Résumé de la décision
Mme B..., ressortissante guinéenne, a contesté un jugement du tribunal administratif de Marseille qui a rejeté sa demande d'annulation d'un arrêté préfectoral lui ordonnant de quitter le territoire français tout en refusant son admission au séjour au titre de l'asile. Le tribunal a constaté que les arguments avancés par Mme B... concernant des risques potentiels en Guinée n'étaient pas suffisamment établis, notamment en raison de son parcours antérieur dans ce pays. Par conséquent, la Cour a rejeté sa requête d'appel, considérant qu'elle était dépourvue de fondement.
Arguments pertinents
1. Erreur manifeste d'appréciation : Mme B... a soutenu que l'arrêté préfectoral était entaché d'une erreur manifeste d'appréciation au regard des conséquences sur sa situation personnelle. La Cour a noté que les risques allégués par la requérante en Guinée, liés à un mariage forcé, n'étaient pas établis. En effet, "les éléments invoqués ont déjà été présentés à la Cour nationale du droit d'asile qui a définitivement rejeté sa demande d'asile le 30 septembre 2020".
2. Absence d'attaches en France : La Cour a également pris en compte que Mme B... ne justifiait d'aucune attache particulière en France et que sa situation de mère, bien qu'elle ait deux enfants nés en France, ne suffisait pas à inverser la décision. En effet, elle avait également un fils qu'elle avait confié en Guinée, ce qui atteste d'une certaine fragilité de ses attaches familiales en France.
Interprétations et citations légales
1. Article R. 222-1 du Code de justice administrative : Cet article stipule que "les présidents des formations de jugement des cours peuvent (...) par ordonnance, rejeter (...) les requêtes d'appel manifestement dépourvues de fondement." En appliquant ce texte, la Cour a décidé d'écarter la demande de Mme B..., en jugeant que sa requête ne reposait sur aucun fondement juridique solide.
2. Lisibilité des risques en Guinée : La Cour a souligné l'absence de fondement dans la plainte concernant les risques en Guinée, notamment en considérant le vécu de Mme B... dans ce pays avant son départ.

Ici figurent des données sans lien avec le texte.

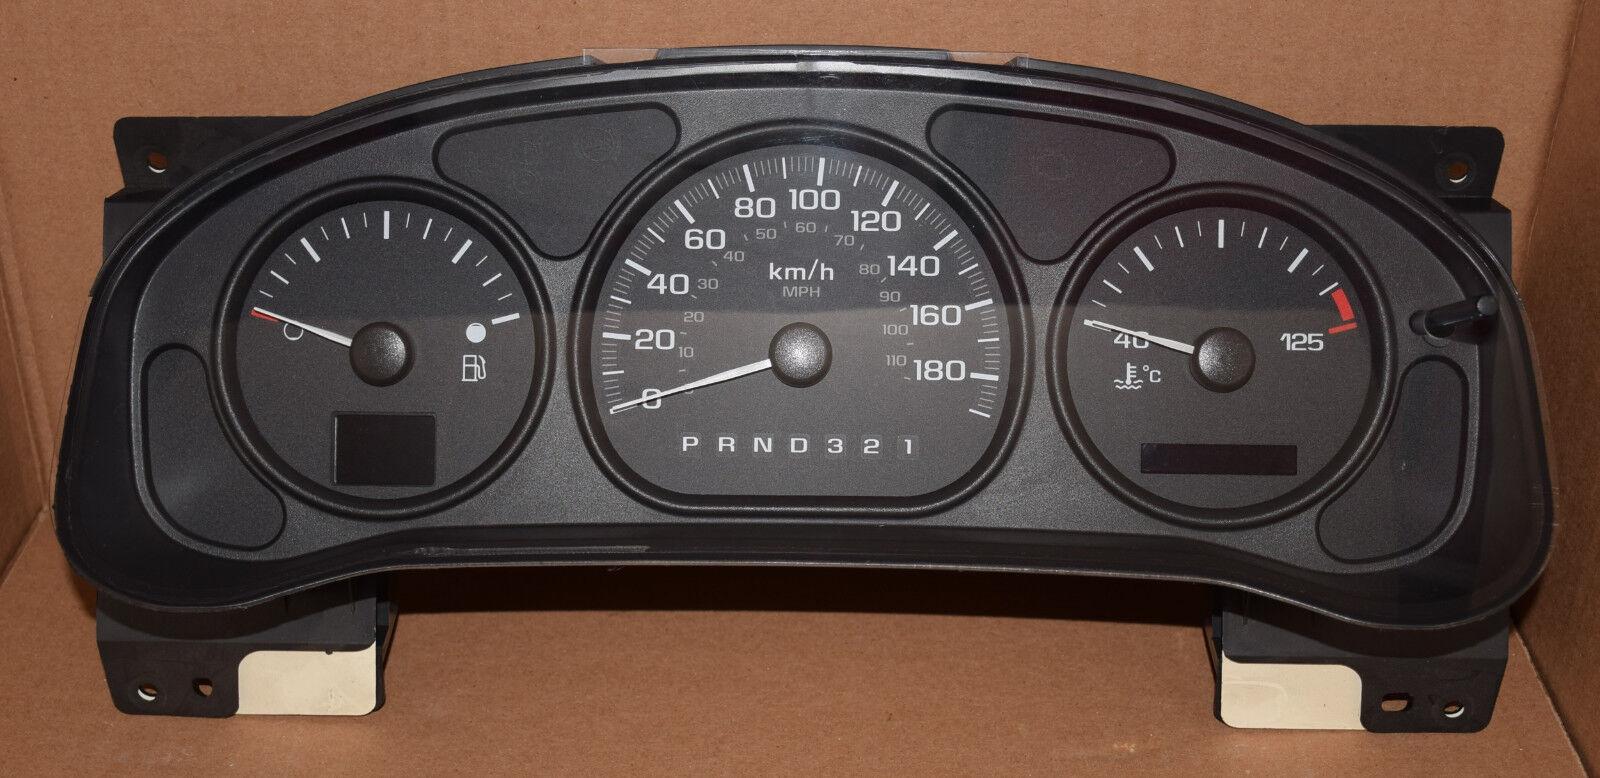 2003-2006 Chevrolet Venture Dashboard Instrument Cluster Repair

L'argumentation a été jugée insuffisante, car elle avait été capable de vivre en Guinée, de s'y marier et d'y concevoir un enfant sans évoquer de menaces réelles.
3. Droit d'asile et décisions antérieures : La décision de la Cour s'appuie également sur le fait que la demande d'asile de Mme B... a déjà été examinée et rejetée par la Cour nationale du droit d'asile, ce qui revient à souligner que toute nouvelle requête fondée sur les mêmes éléments de fait n’a pas sa place dans un nouveau recours.
En définitive, la décision de la Cour est révélatrice des exigences rigoureuses en matière d’établissement des risques allégués pour les demandeurs d'asile dans le cadre de la juridiction administrative, en tenant compte de la réalité de leurs situations familiales et sociales.